CIMB, DBS, Deutsche Bank, HSBC and JP Morgan were the bookrunners.
However, the sheer volume of the perps flooding the market left the issue susceptible to any selloff, and a bout of indigestion that lasted some two months brought Singapore’s perpetual issuance spree grinding to a halt.
The bonds sank on the break and stayed under water for two weeks. They took another tumble after Genting sold more perpetuals to retail investors, although the company – aware that another lot of such paper would put more pressure on the outstanding paper – acquiesced to a smaller size of S$500m than the S$700m it had originally targeted.
Singapore’s regulators added more cold water in May, with a stern reminder that retail investors needed to be aware of the additional risks involved in buying perpetuals. The notes dipped below 97.00 in June, and only regained par in mid-October.
After Genting’s retail-targeted deal, no perpetuals were launched in Singapore until mid-July. Since then, however, companies, including Hotel Properties, Ascendas and Mapletree, have priced such bonds in the city state’s market, emphasising the appeal of the product.
The perpetual issue may a double-edged sword for Genting, but it is emblematic of a company that is quick to take advantage of funding windows.
Parent Genting made a rare foray into the ringgit bond market with a M$2bn (US$652.8m) two-part bond in June, locking in long-term funds at competitive rates.

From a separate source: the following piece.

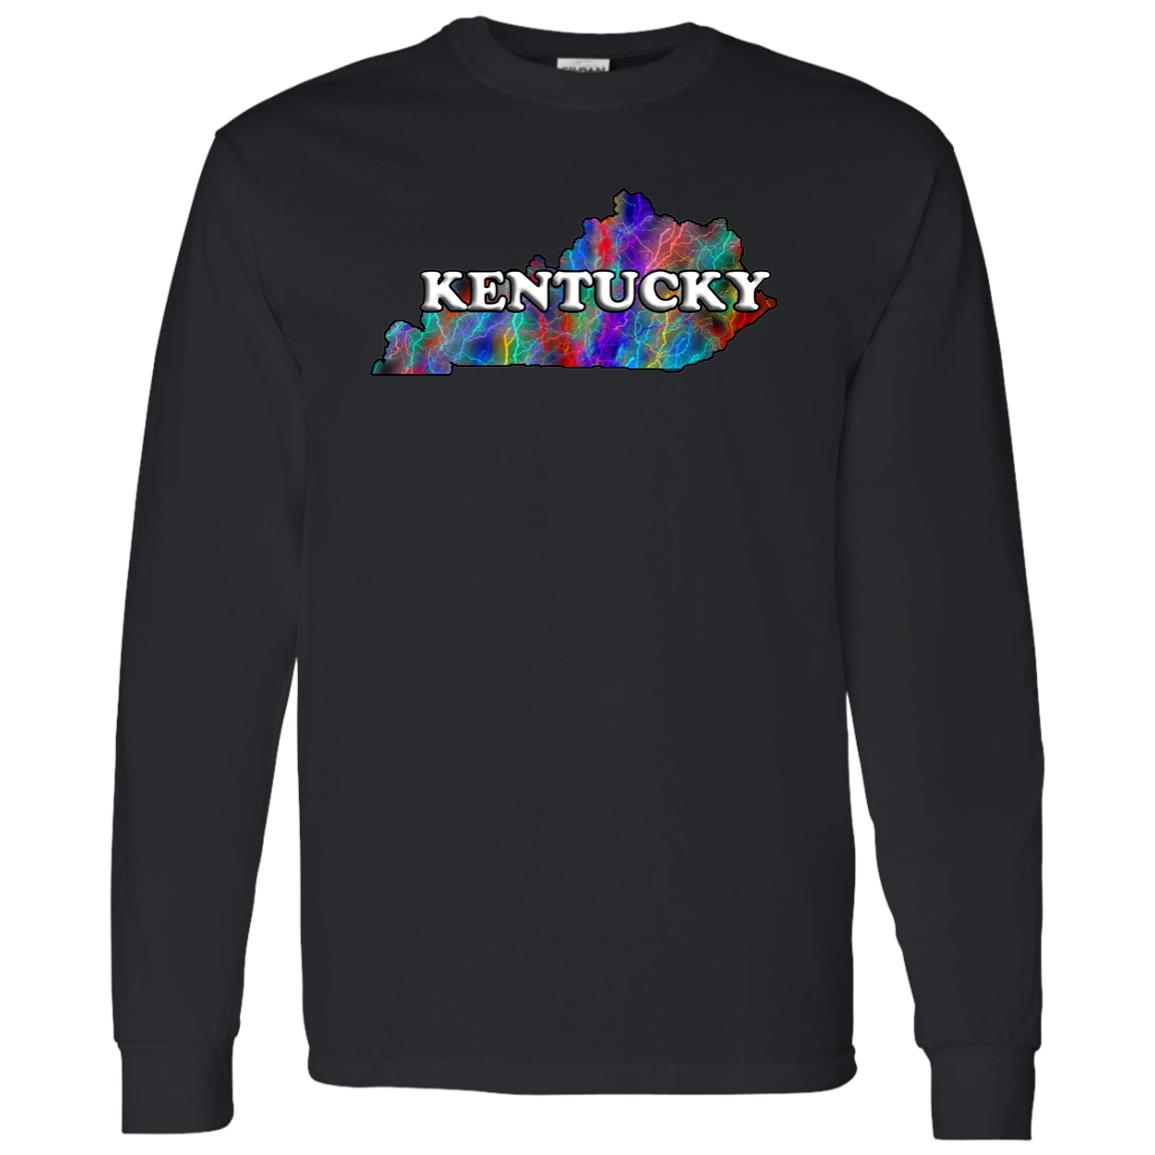 Kentucky Long Sleeve State T-Shirt

Subsidiary Genting Hong Kong – formerly known as Star Cruises –recently secured a US$300m three-year loan facility from Bank of America Merrill Lynch, CIMB and Maybank, according to a stock exchange filing.
That came only two months after Genting Hong Kong sealed another US$600m self-arranged seven-year borrowing. That loan, which refinanced a 2010 facility of the same size and was also for general corporate purposes, came from BofA Merrill, Credit Agricole, DNB Bank, HSBC, Maybank, OCBC, RHB and Sumitomo Mitsui Banking Corp.
Fast mover
The latest loan is for general corporate purposes, but talk of acquisitions continues to swirl around the group since Genting applied to increase its stake in Australia’s Echo Entertainment in June.

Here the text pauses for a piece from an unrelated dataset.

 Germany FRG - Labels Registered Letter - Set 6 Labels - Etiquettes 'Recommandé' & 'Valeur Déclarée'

Credit analysts had estimated in April that the parent’s war chest could amount to US$4.9bn at year’s end, paving the way for major developments and acquisitions it has been eyeing, with particular focus on Japan and Mongolia.
Genting Singapore, however, said in September it would dispose of its 4.8% Echo stake, and that announcement lifted the former’s share price, which had been depressed since April when the Singapore Government unveiled more restrictions for the two casinos operating in the city state.

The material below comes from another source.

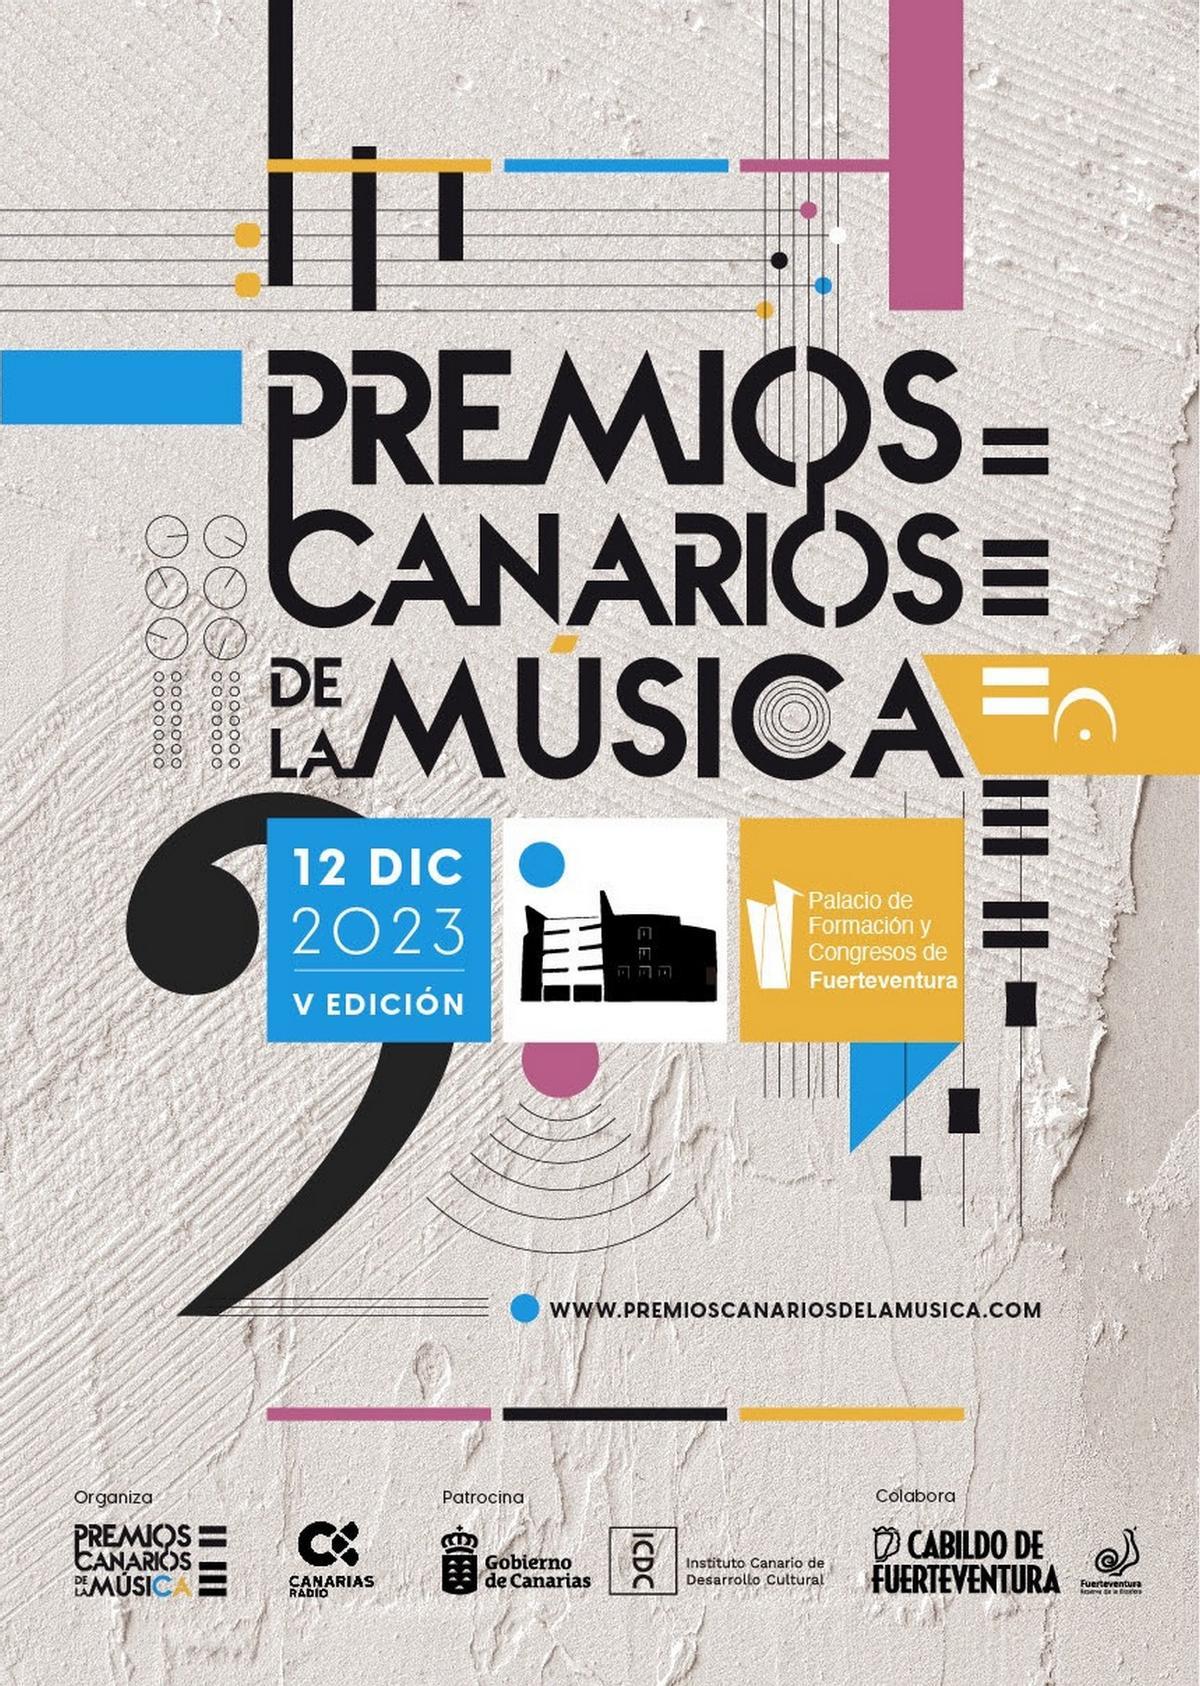 Los Premios Canarios de la Música designa a los nominados a su quinta edición que se celebrará en Fuerteventura.

It was also just after that sale announcement that Genting saw its perpetual bonds stage a recovery from below par.
Traders and bankers said the two developments were not linked. “Almost everything in the Singapore secondary markets has moved up, except Genting,” said one trader. “It was almost natural that the private bankers and real-money funds would turn to Genting next.”
On October 10, Genting’s perps crept up a quarter point to 99.5/100 and, two days later, the Genting paper pierced through to 100 mid-spread, and has been climbing steadily since, It was at 100/100.50 on October 19. It has been a rocky ride, but there is now light at the end of the tunnel.
So far, Genting has not made any major acquisitions, but it is clear that it has certain targets. “The company is seeking new projects that are in line with our core competency of developing and operating large-scale integrated resorts,” the spokesperson said.
This points to more fundraising activities and, with a well-recognised and coveted name in the Asian markets, there will always be takers for its debt.